● Aim of the task
Could you set down exactly the lines in the records below between the line holding "Arthur Gundaccar von" and the line holding "Brancott Estate Pioneers Website Screenshot", inclusive?

● Data for the task
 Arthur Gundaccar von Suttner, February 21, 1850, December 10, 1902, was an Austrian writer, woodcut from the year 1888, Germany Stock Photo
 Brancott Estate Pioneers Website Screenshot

==

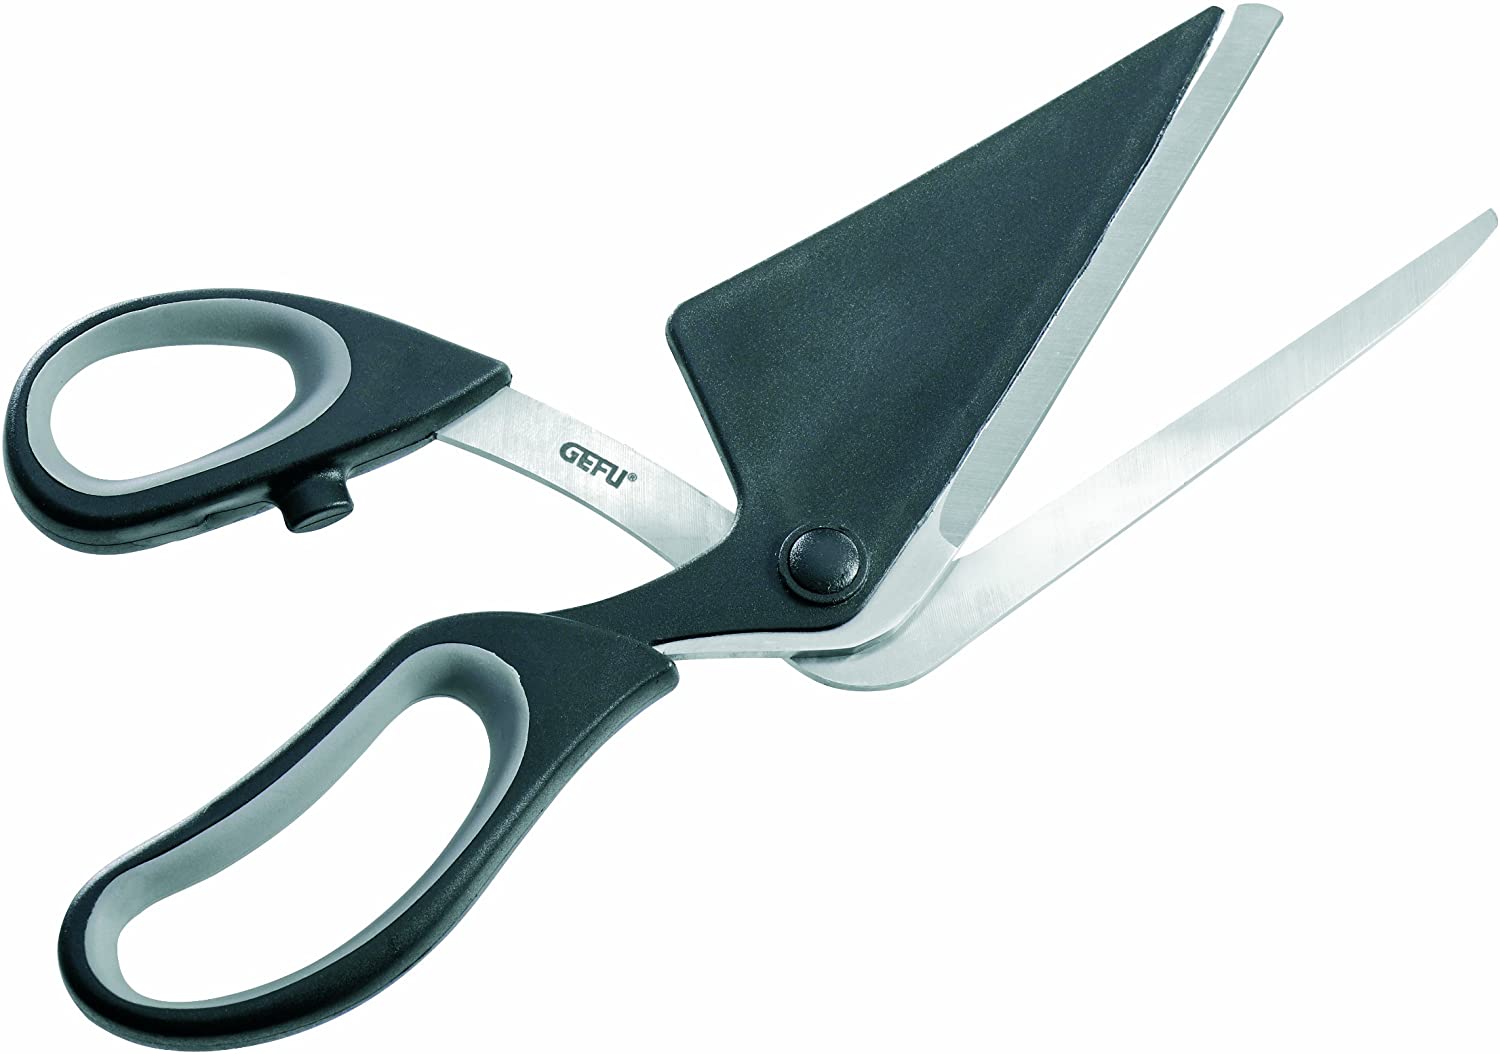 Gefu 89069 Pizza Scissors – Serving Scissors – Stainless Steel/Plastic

● Exercise solution
 Arthur Gundaccar von Suttner, February 21, 1850, December 10, 1902, was an Austrian writer, woodcut from the year 1888, Germany Stock Photo
 Brancott Estate Pioneers Website Screenshot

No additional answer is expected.